ACTIVITY » Repeat the listing that follows, character for character, minus the pictures.

DATASET SECTION »
▶

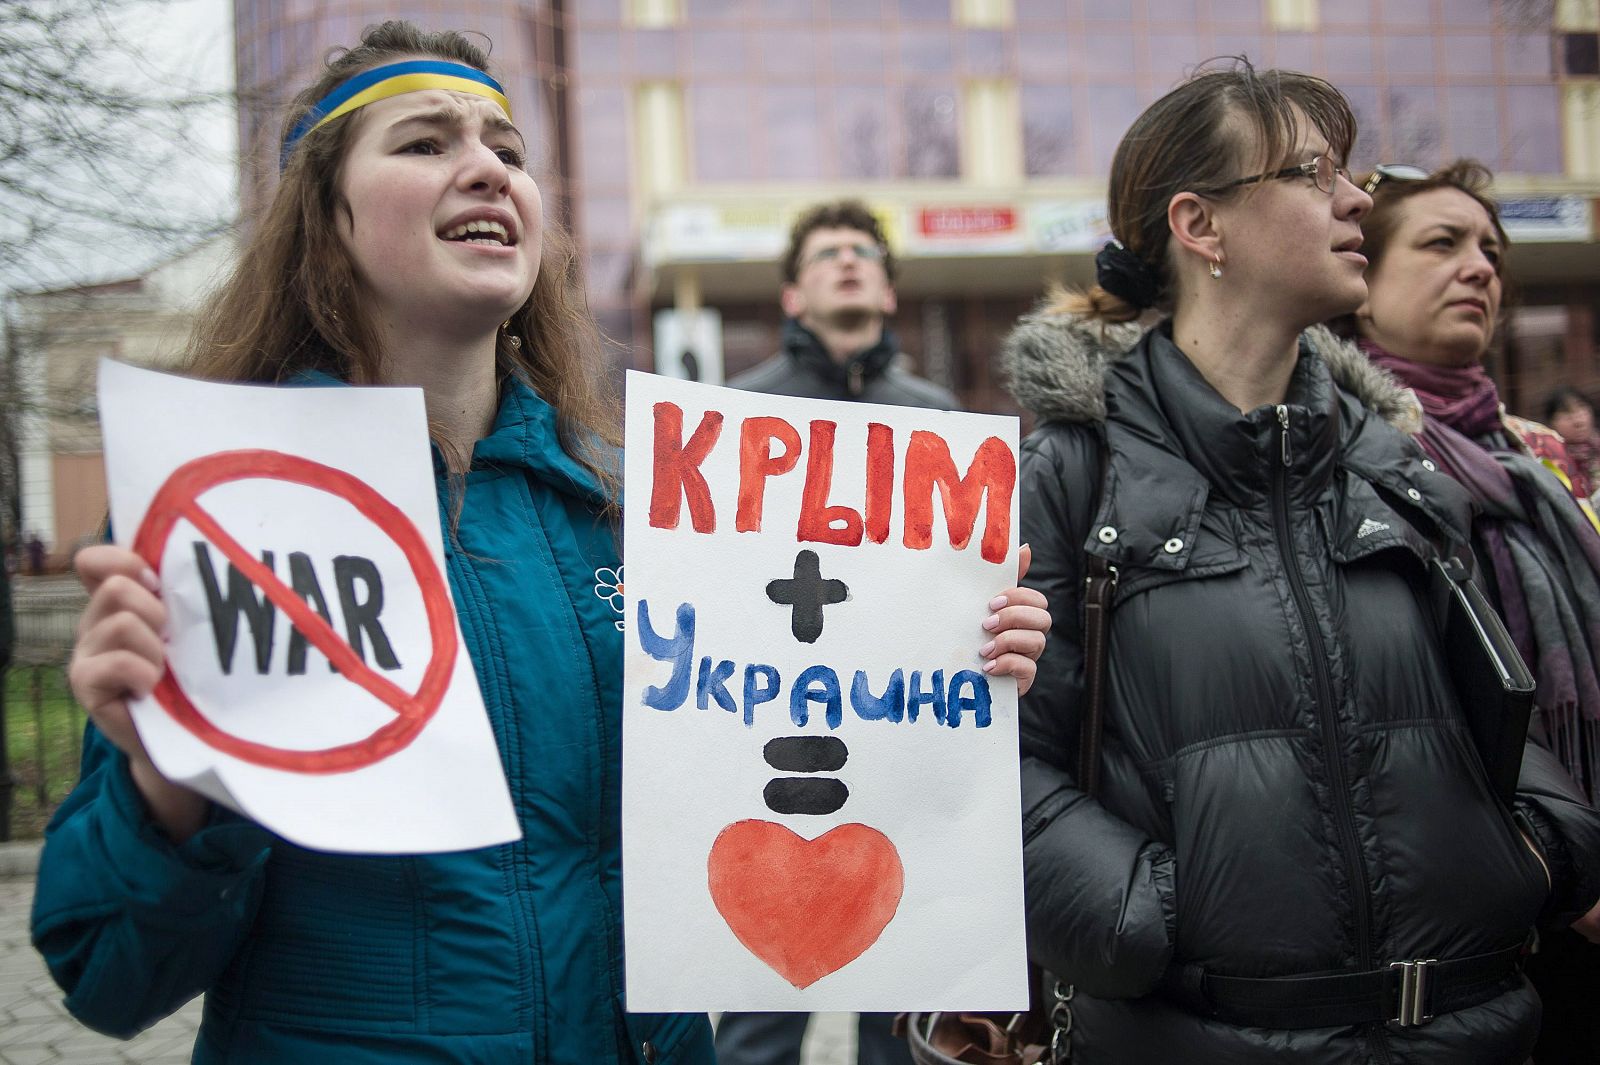 Una joven muestra una pancarta en Simferopol que dice "Crimea y Ucrania igual a amor"
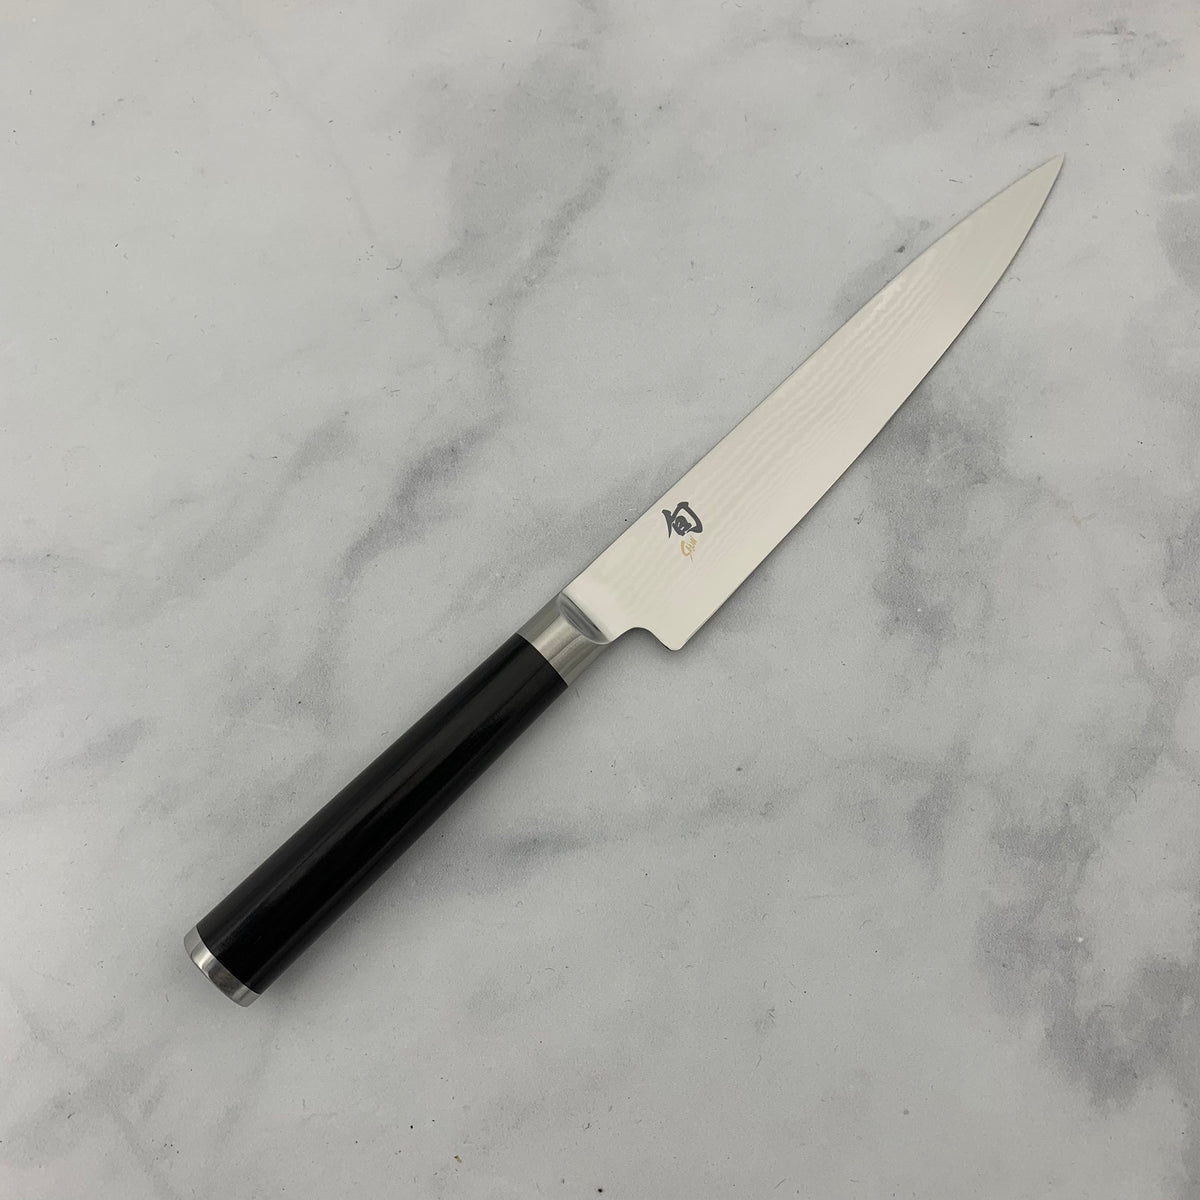 Kai 6710P 105mm Paring Knife - Black Wasabi
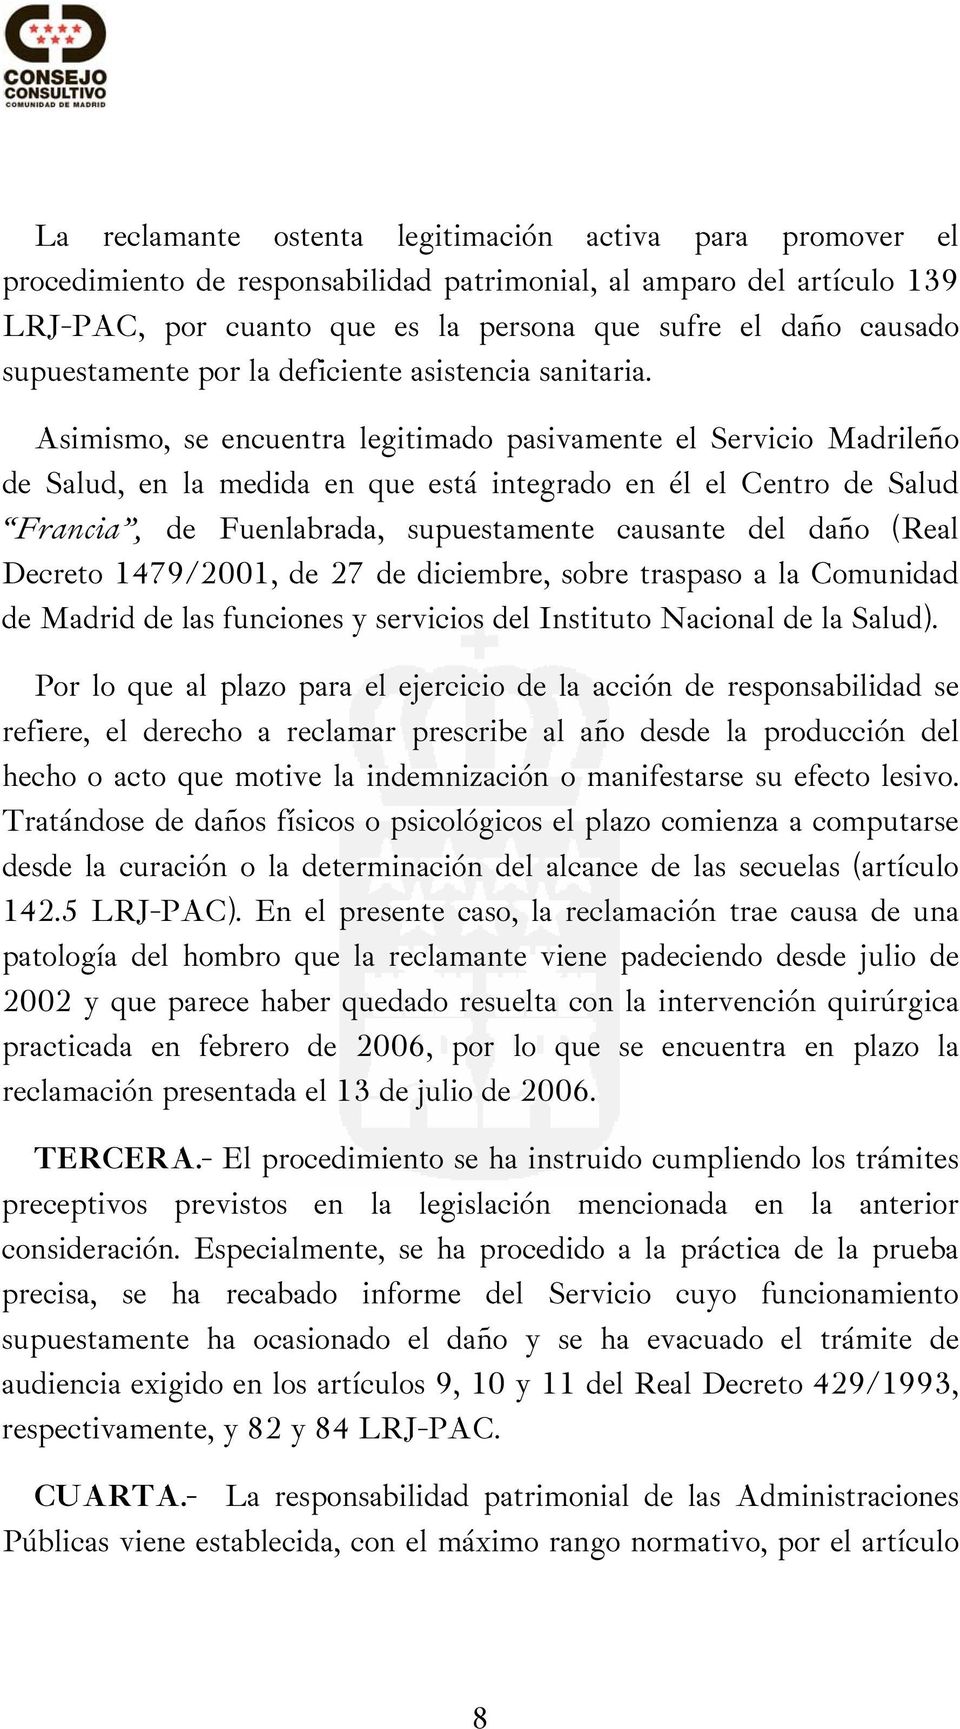 Asimismo, se encuentra legitimado pasivamente el Servicio Madrileño de Salud, en la medida en que está integrado en él el Centro de Salud Francia, de Fuenlabrada, supuestamente causante del daño
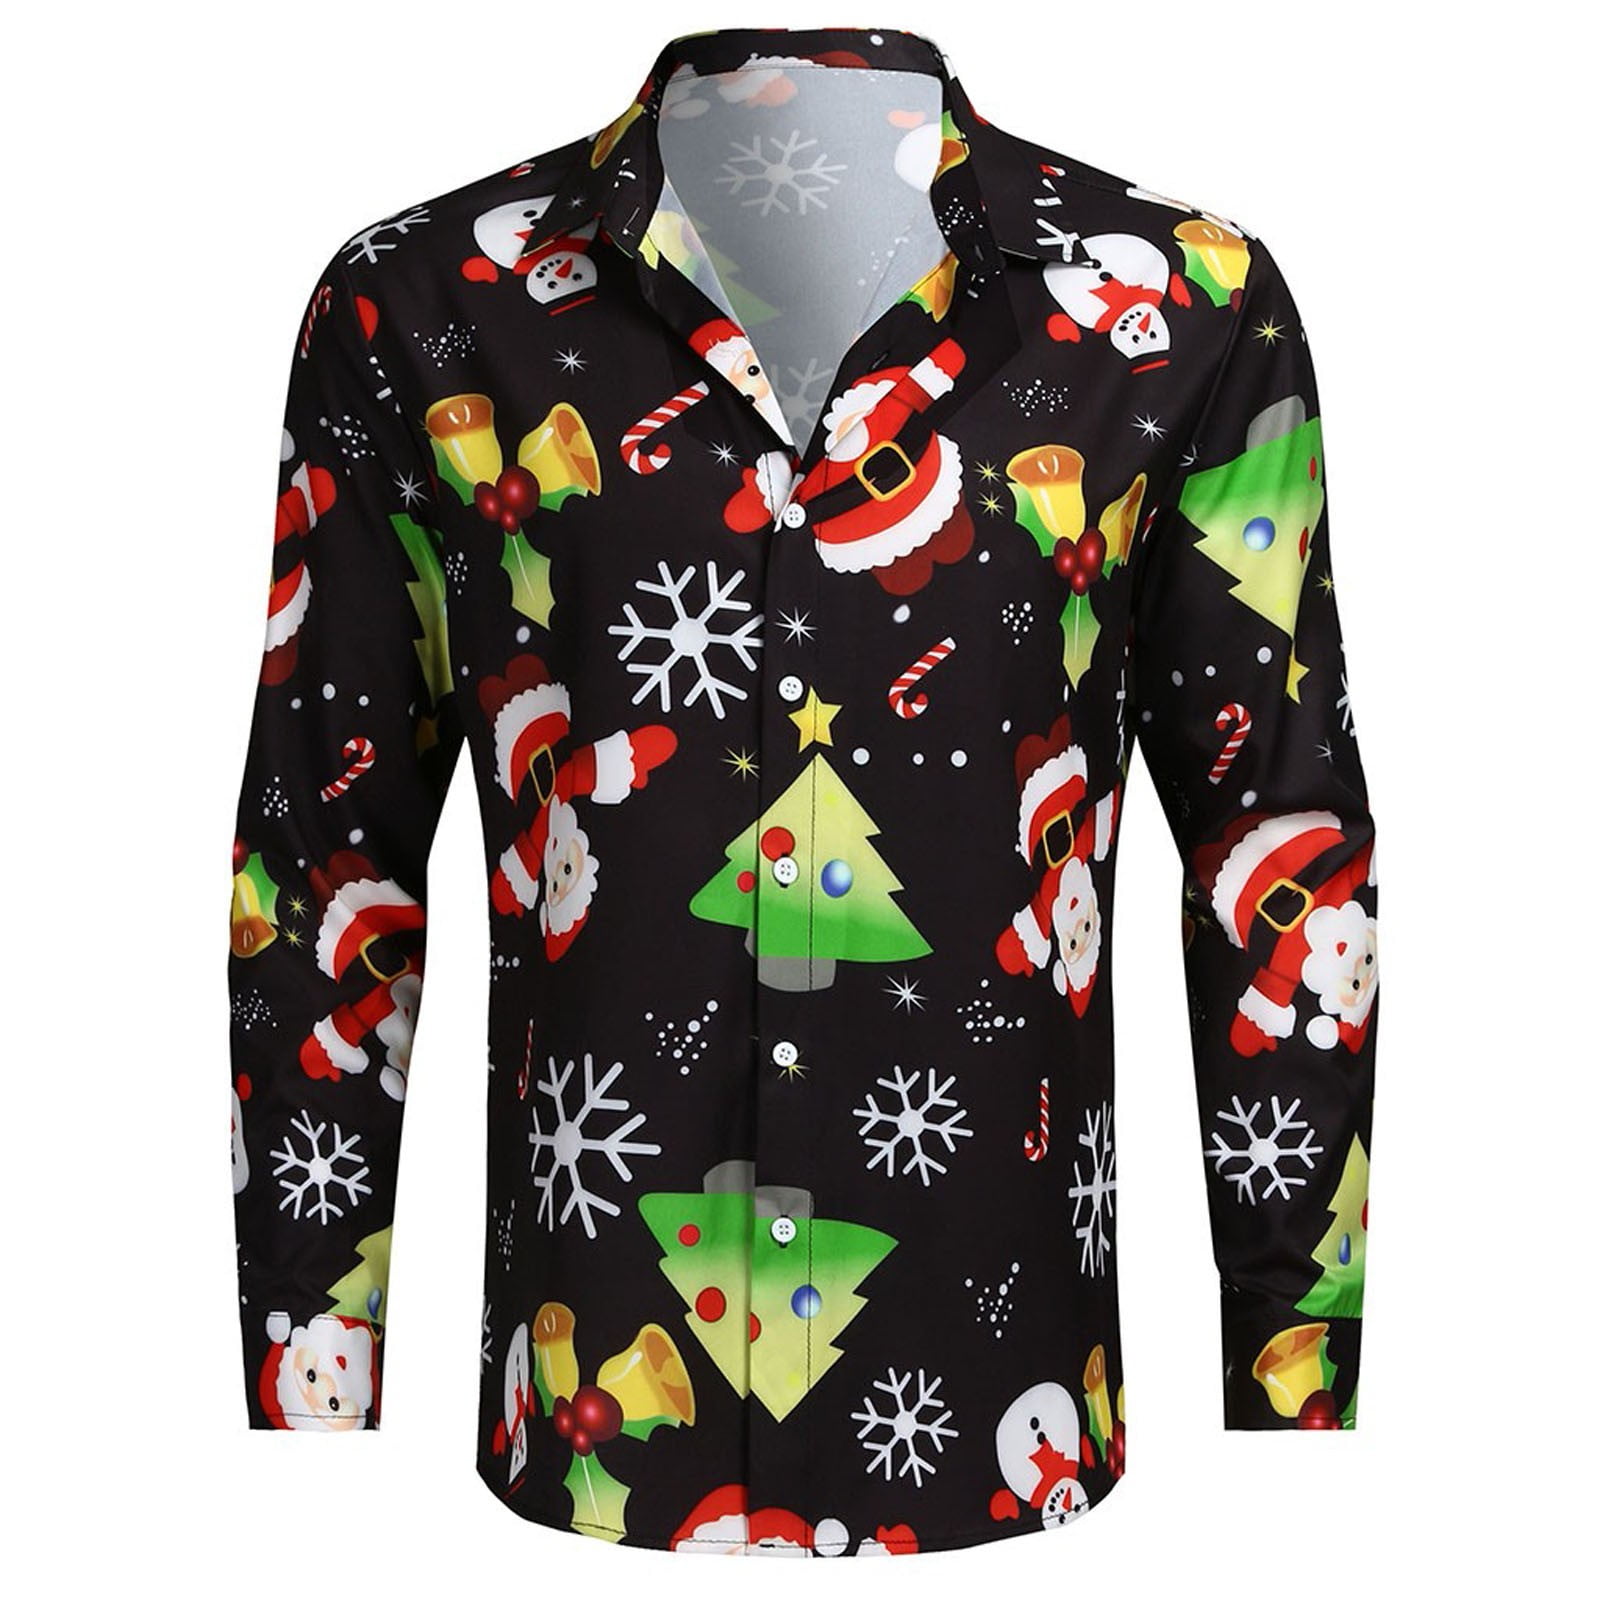 Ugly Christmas Button Up Dress Shirt for Men - Ugly Christmas Shirt ...

◀

ANSWER TO THIS TASK »
 Una joven muestra una pancarta en Simferopol que dice "Crimea y Ucrania igual a amor"
 Kai 6710P 105mm Paring Knife - Black Wasabi
 Asimismo, se encuentra legitimado pasivamente el Servicio Madrileño de Salud, en la medida en que está integrado en él el Centro de Salud Francia, de Fuenlabrada, supuestamente causante del daño
 Ugly Christmas Button Up Dress Shirt for Men - Ugly Christmas Shirt ...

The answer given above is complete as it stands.